$\mathbf{Another \; result}$: Let $\mathcal{A}$ be the smallest spanning of $A$(the basis of $A$ as a $K$ vector space). The equality $N=$trdeg$(A)$ is equivalent by saying that there is a transcendence base in a base for the vector space $A$.
Now if algebraically independent implies linearly independent, it obviously implies that a transcendence base is in a base for the vector space $A$, because all transcendence bases are also algebraically independent(we are going to call this statement (*)).

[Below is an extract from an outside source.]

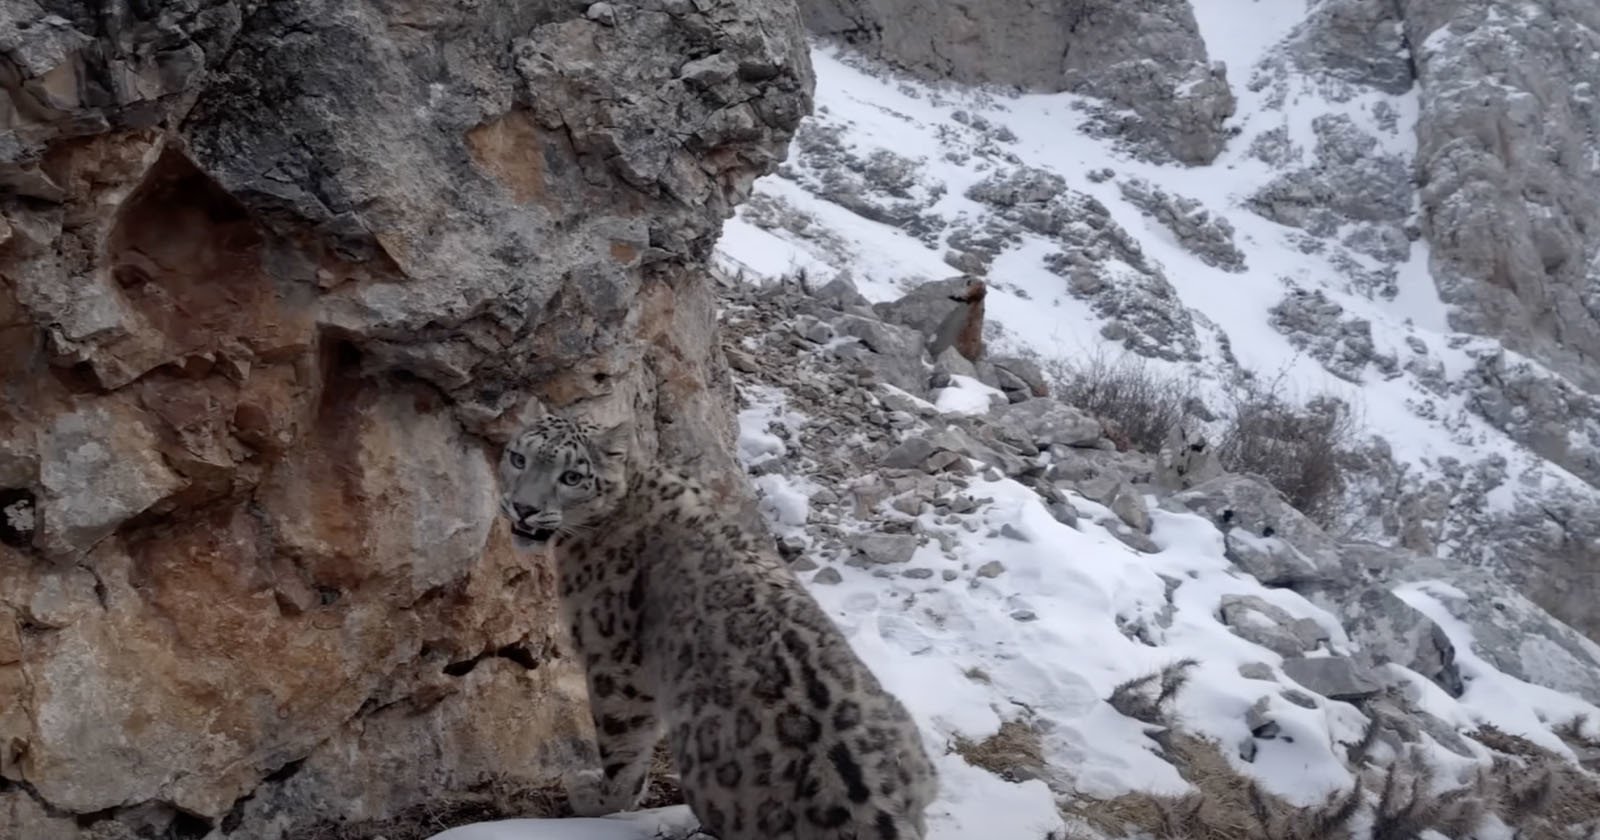 BBCs Struggle to Film a Snow Leopard Among Cat-Colored Rocks

Let $B:=\{b_{1};...;b_{m} \}$ be a set of algebraically independent elements of $A$. This, by definition happens iff we choose $f \in K[X_{1};...;X_{M}]$ such that $f(b_{1};...;b_{m})=0$, then $f=0$.
Let $f:=a_{1}T_{1}+...+a_{m}T_{m} \in K[X_{1};...;X_{M}]$ such that \begin{equation}f(b_{1};...;b_{m})=0 \Leftrightarrow a_{1}b_{1}+...+a_{m}b_{m}=0 \Rightarrow a_{1}=...=a_{m}=0\end{equation}.
So we see that $B$ is indeed linearly independent.
By the statement (*), we indeed obtain that every transcendence base is in a vector space base.
$\mathbf{Edit}$: Let's take trdeg$(A)=2$. As in the first result, we must prove that there is a transcendence base in $S$. Let $T:=\{t;t'\}$ be a transcendence base. Let's assume that $S:=L \cup \{t\}$, where $L$ is a set of algebraic elements. Then $A=K(L;t)=(K(t))(L) \cong (K(X_{1}))(L)=(K(L))(X_{1})$ but $K(S;t') \cong (K(L))(X_{1};X_{2})$ and $K(S;t')=A$ since $t' \in A$ ,but $(K(L))(X_{1}) \subsetneq (K(L))(X_{1};X_{2}) $, so $A \subsetneq K(S;t')$ which is a contradiction. The case where trdeg$(A)=n$ with $2 \leq n$ is an analogy of trdeg$(A)=2$.